• _Work instructions_
The required output is a verbatim transcription of the listing, pictures excluded.

• _Available data_
# # # #

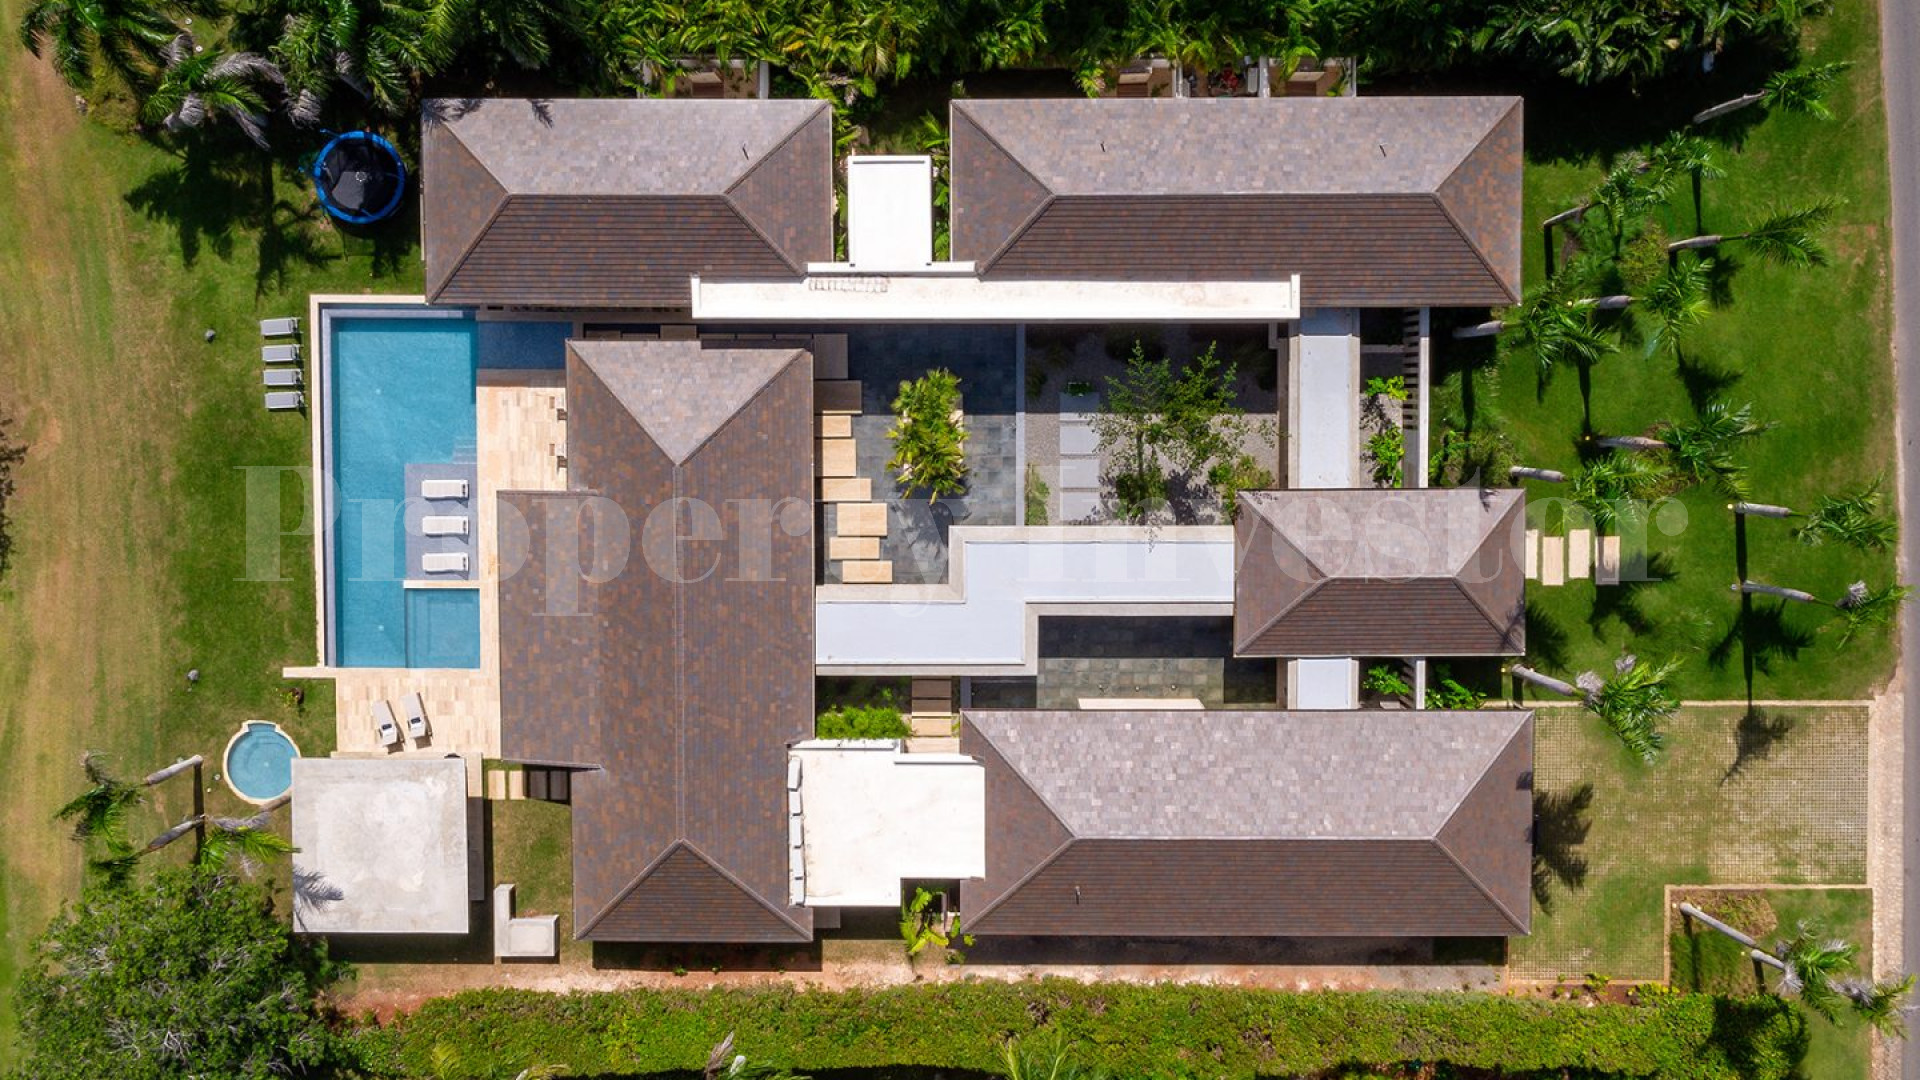 Exquisite 5 Bedroom Villa with Stunning Golf & Ocean Views for Sale in La Romana, Dominican Republic
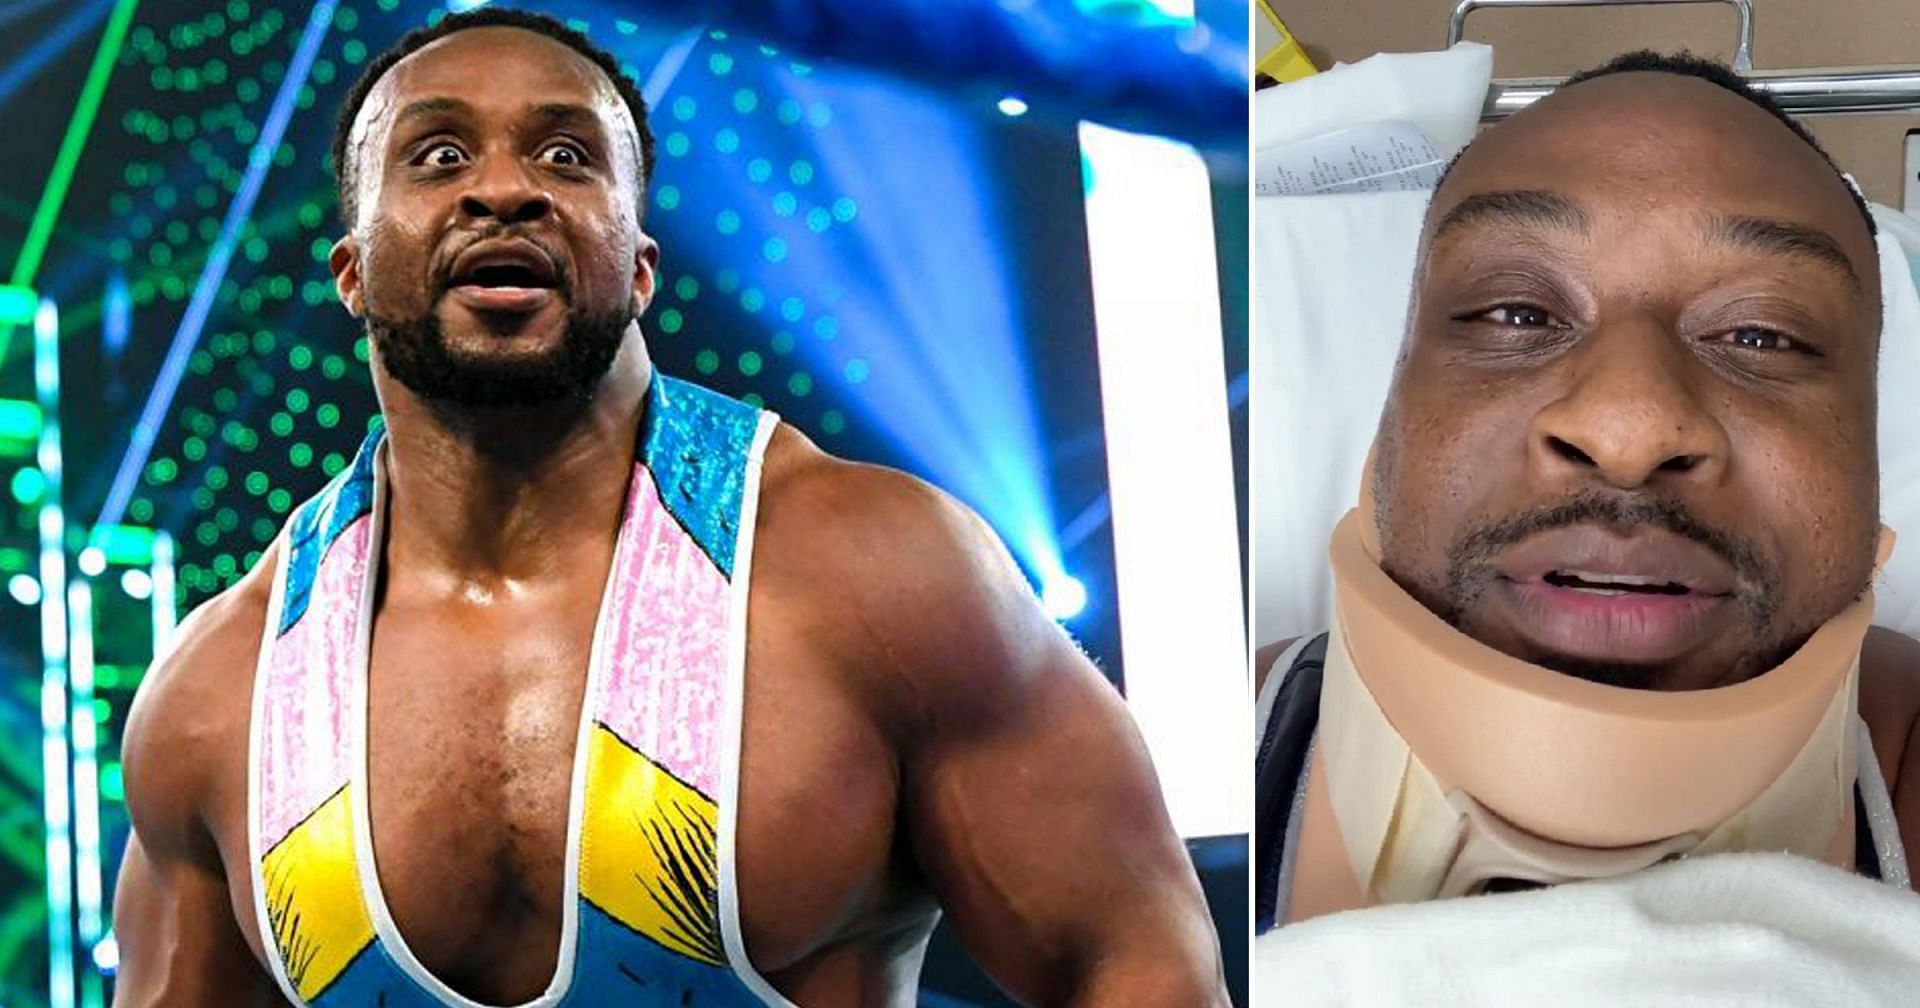 Big E suffered a broken neck on SmackDown last week!
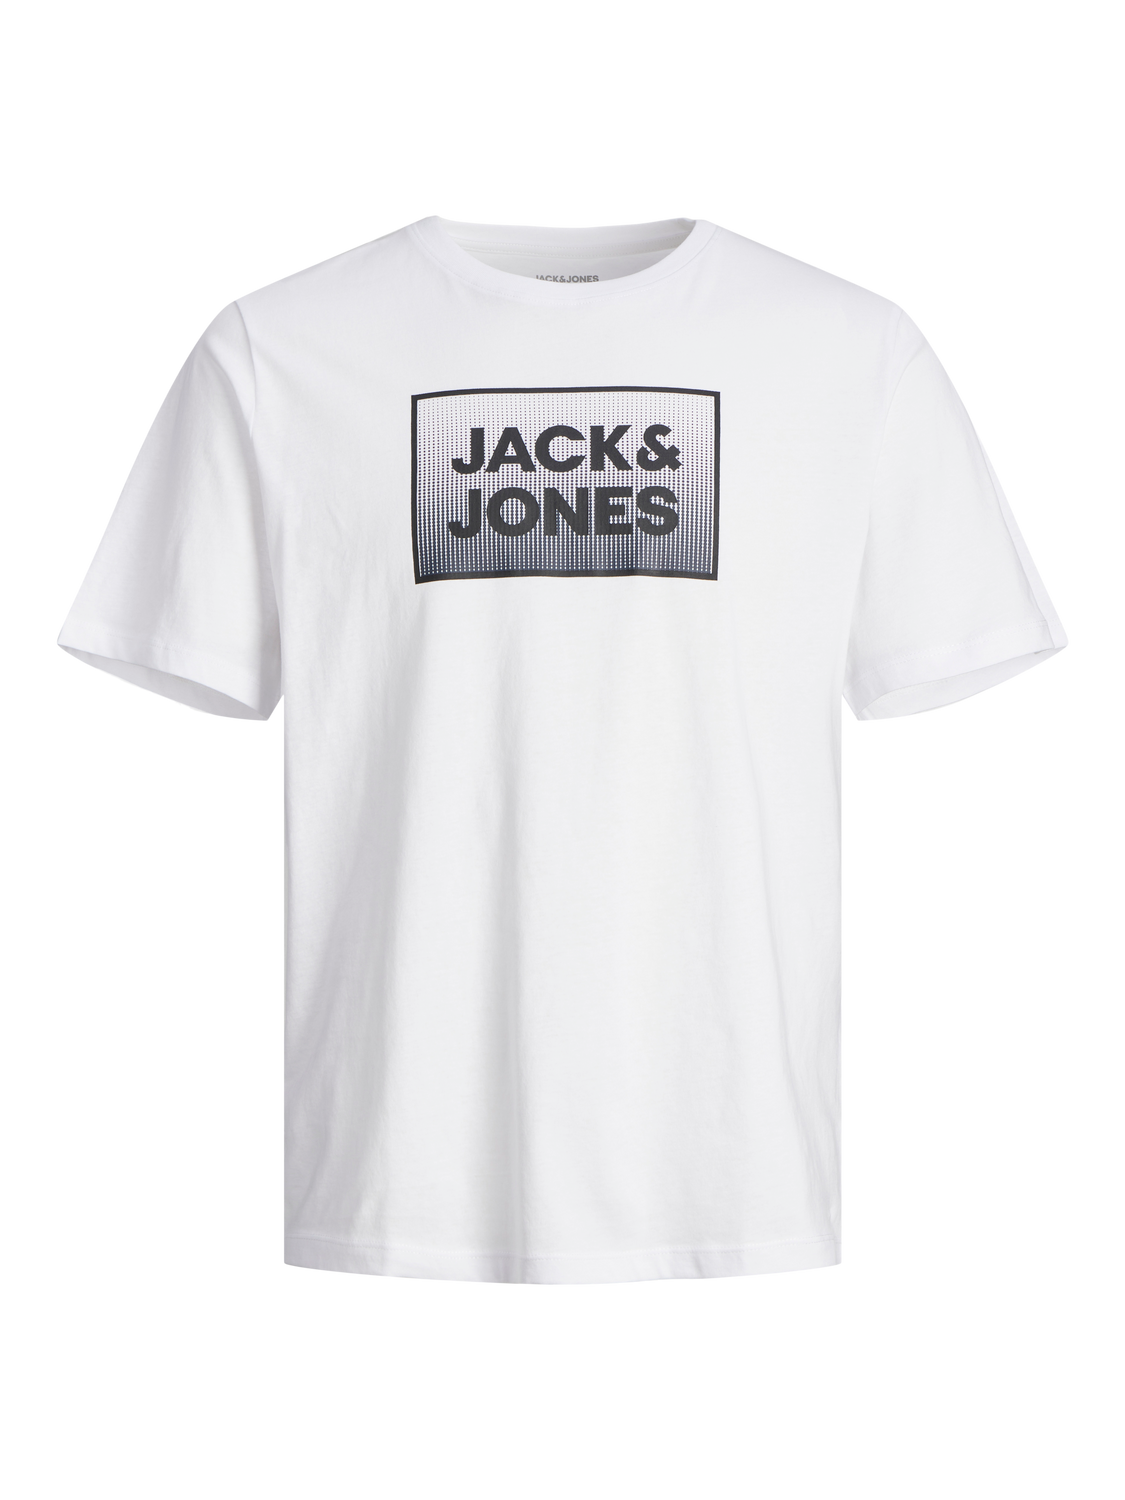 Camiseta manga corta blanca con logo - JJSTEEL
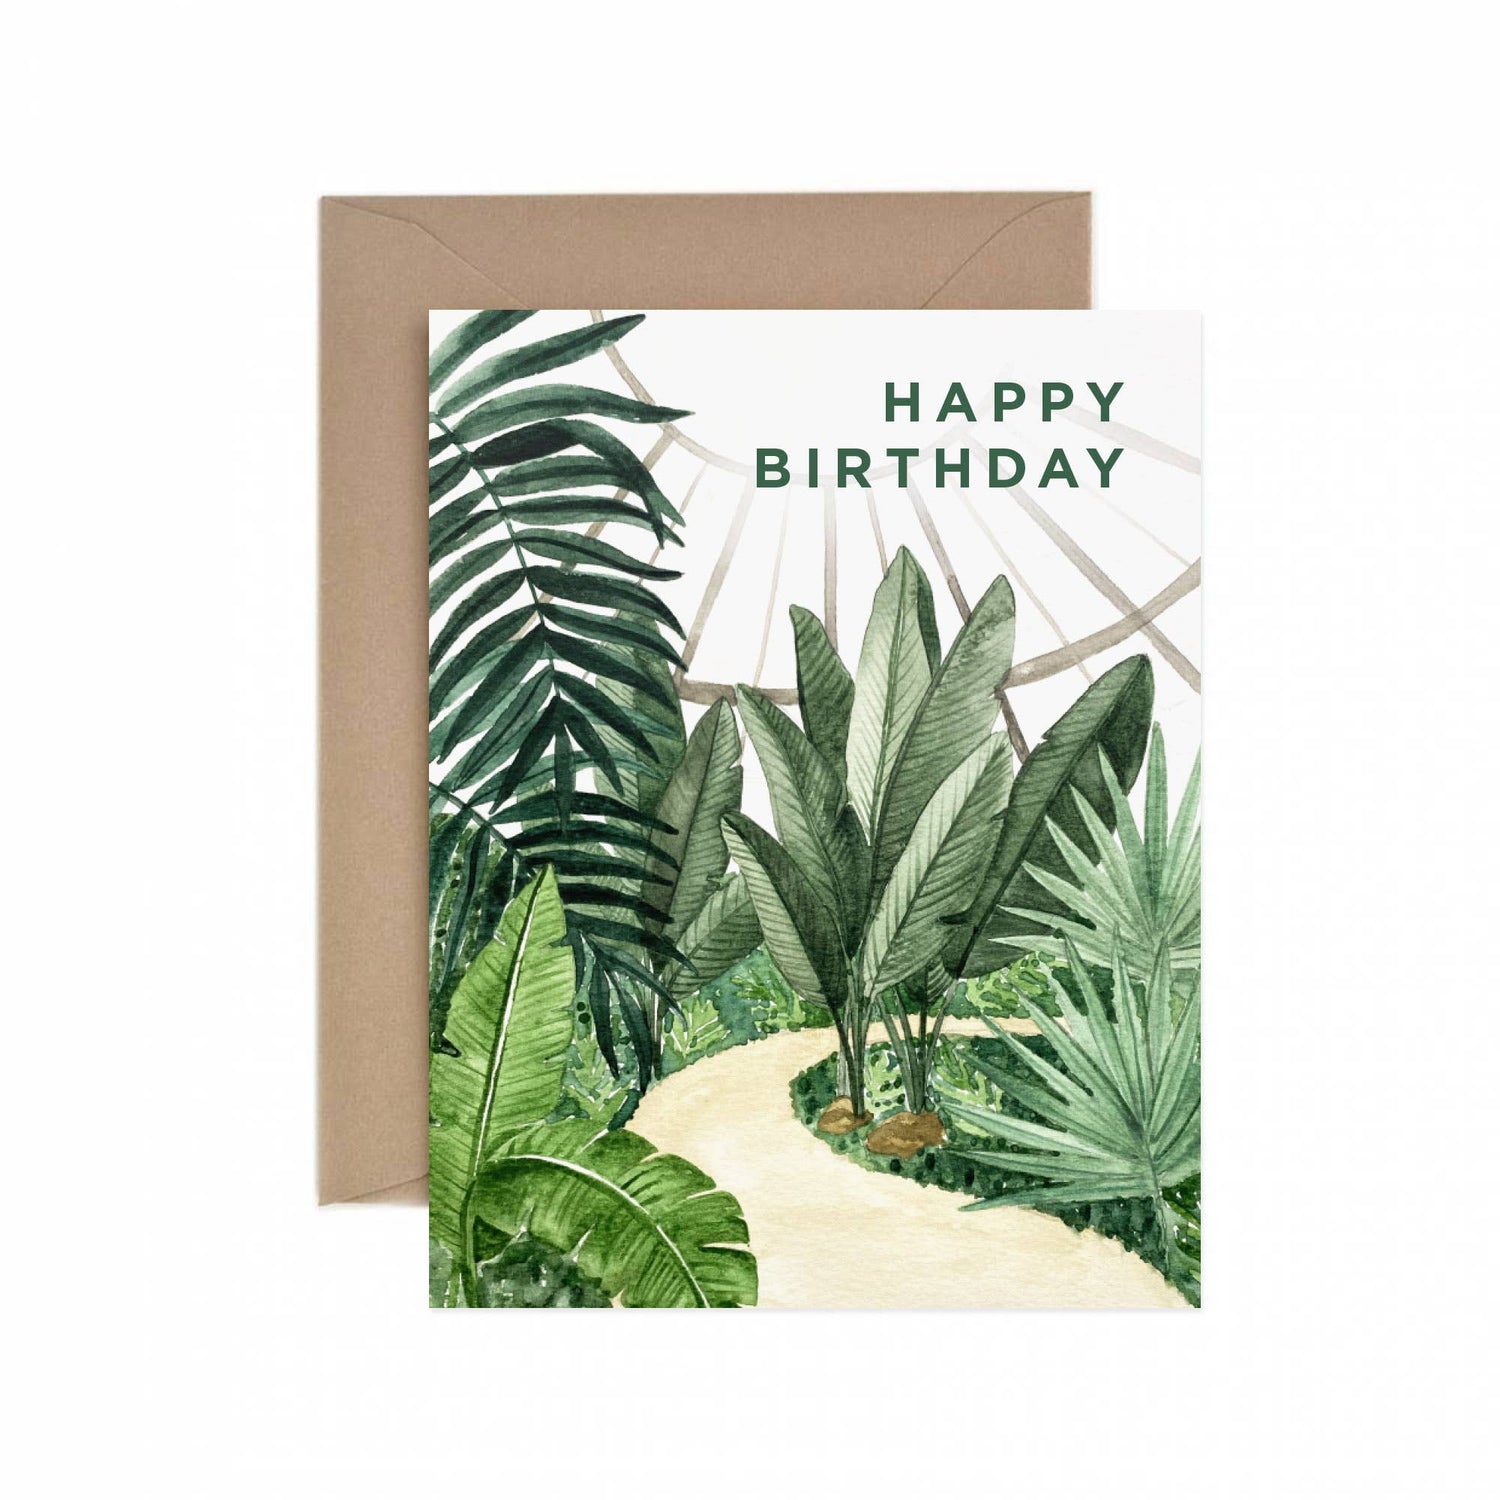 Conservatory Happy Birthday Greeting Card - The Botanical Bar

# # # #

• _Expected answer_
 Exquisite 5 Bedroom Villa with Stunning Golf & Ocean Views for Sale in La Romana, Dominican Republic
 Big E suffered a broken neck on SmackDown last week!
 Camiseta manga corta blanca con logo - JJSTEEL
 Conservatory Happy Birthday Greeting Card - The Botanical Bar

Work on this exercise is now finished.